## Hardware info






See [RDNA2 hardware BVH](https://gitlab.freedesktop.org/bnieuwenhuizen/mesa//wikis/RDNA2hardwareBVH)






## Traversal performance challenges






A simple traversal algorithm via DFS is something like this



```



void traverse(Node root, Ray R)



{



std::stack<pair<Node, uint32_t>> stack;



stack.push({root, 0});






double t_best_num = inf;



float t_best_denom = 1;



float I_best_num;



float J_best_num;



uint32_t triangle_best;



uint32_t geometry_best;



while(!stack.empty()) {



par<Node, uint32_t cur = stack.top();



stack.pop();






if (isGeometry(cur.first)) {



if (cull(R, cur.first)) /* check cull mask */



continue;



cur.second = cur.first.geometry;



cur.first = cur.first.geometryRoot;



}






Result res = intersect(R, cur.first);



if (isTriangle(cur.first)) {



if (abs(t_best_num * res.t_denom) > abs(res.t_num * best_t_denom)) {



t_best_num = res.t_num;



t_best_denom = res.t_denom;



I_best = res.I_num;



J_best = res.J_num;



triangle_best = cur.first.triangle_id;



}



} else {



if (res.box3 != 0xffffffff)



stack.push_back({res.box3, cur.second});



if (res.box2 != 0xffffffff)



stack.push_back({res.box2, cur.second});



if (res.box1 != 0xffffffff)



stack.push_back({res.box1, cur.second});



if (res.box0 != 0xffffffff)



stack.push_back({res.box0, cur.second});



}



}






if (!std::isinf(t_best)) {



reportClosestHit(t_best_num/t_best_denom,



I_best/t_best_denom,



J_best/t_best_denom,



geometry_best,



triangle_best);



} else {



reportMiss();



}



}



```






(also missing the leaf box handling, intersection and anyhit shaders)

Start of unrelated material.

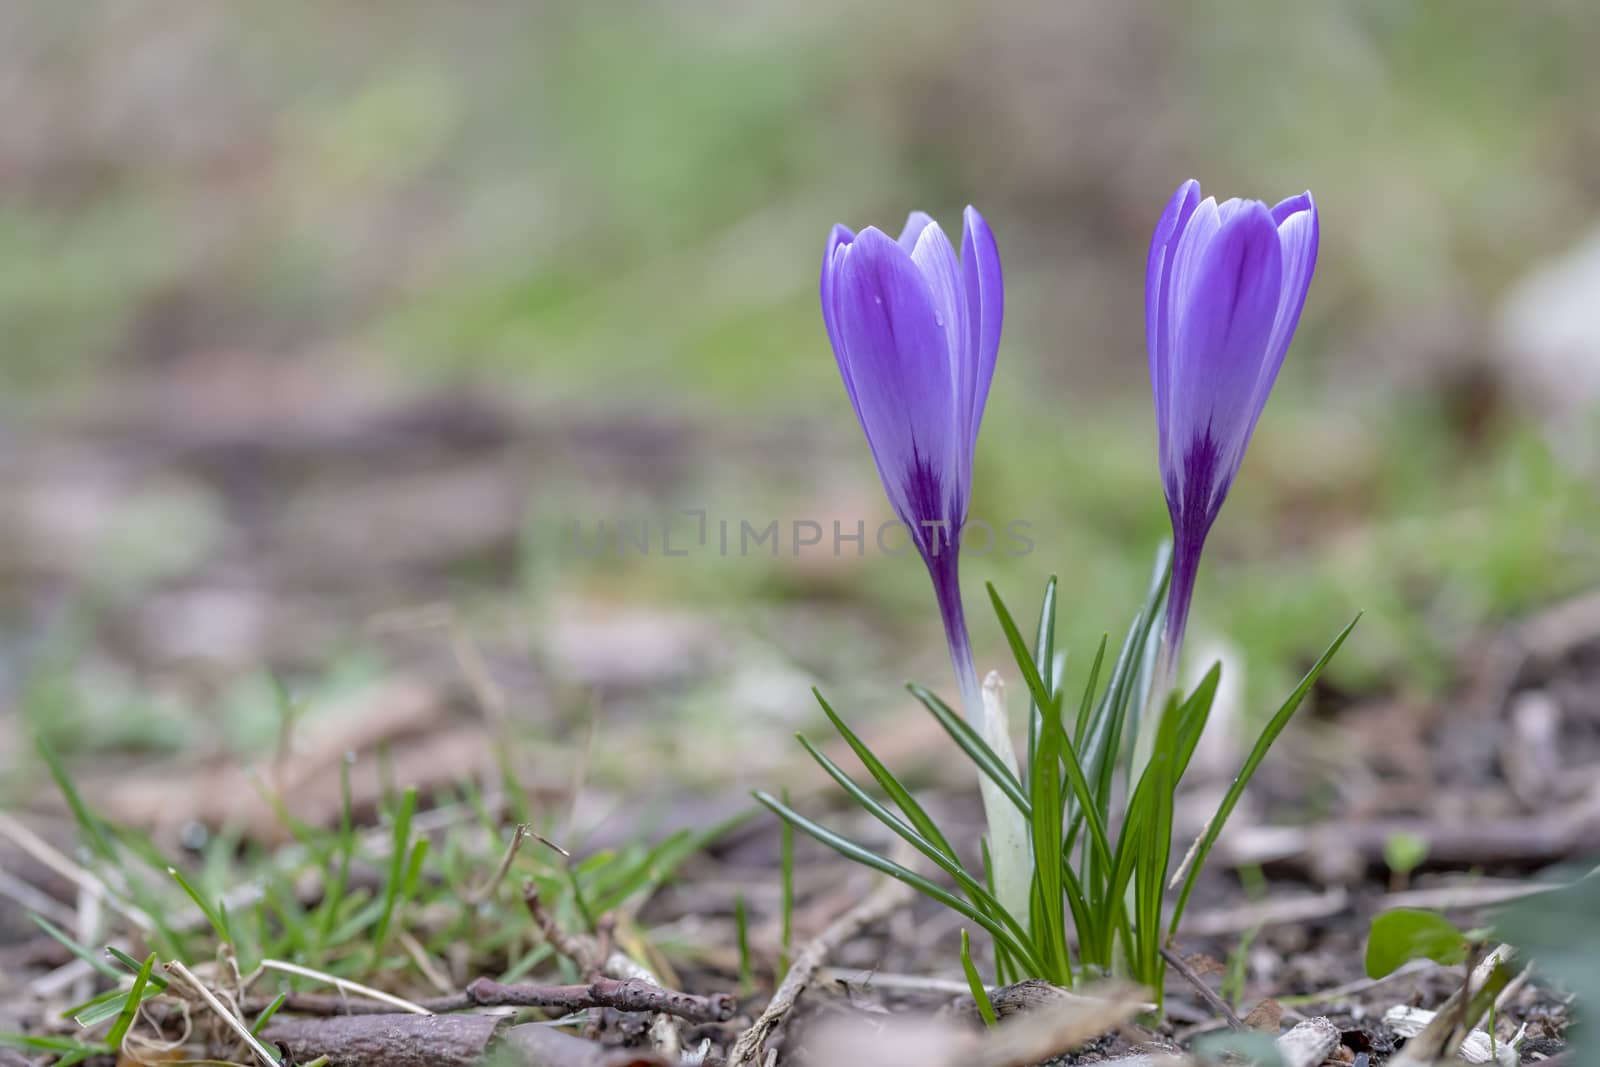 Close up of a purple crocus flower blooming at the early spring against a green grass waiting for bees

Now this has a couple of performance challenges:






1. The stack depth is nonuniform so we're reading and writing nonuniformly indexed data. This is not supported for VGPRs, so we either have to have a select tree (or at similar cost move the entire stack up/down in VGPRs), a scalaring loop, use LDS or use VMEM. None of these solutions is particularly performant.






2. There is a bunch of divergence of control flow wrt.






a. How many iterations of the loop need to be done.



b. Whether the triangle/box/geometry path get taken.






3. In the triangle case on hit we require an extra load which with divergent nodes could mean we are limited by the 1 cacheline/cycle throughput and hence the load could be as expensive as the intersection. (Unless the HW can make the load piggyback off the intersection in the same cycle)






Note that in the inner loop we likely don't really have too much room to reshuffle as this could be ~50 ALU + ~50 VMEM cycles and a reshuffle is not trivial. (and for real benefits it needs to be crosswavefront ...)






Maybe splitting intersection & anyhit shaders into an outer loop and reshuffling there based on shader id would make sense though.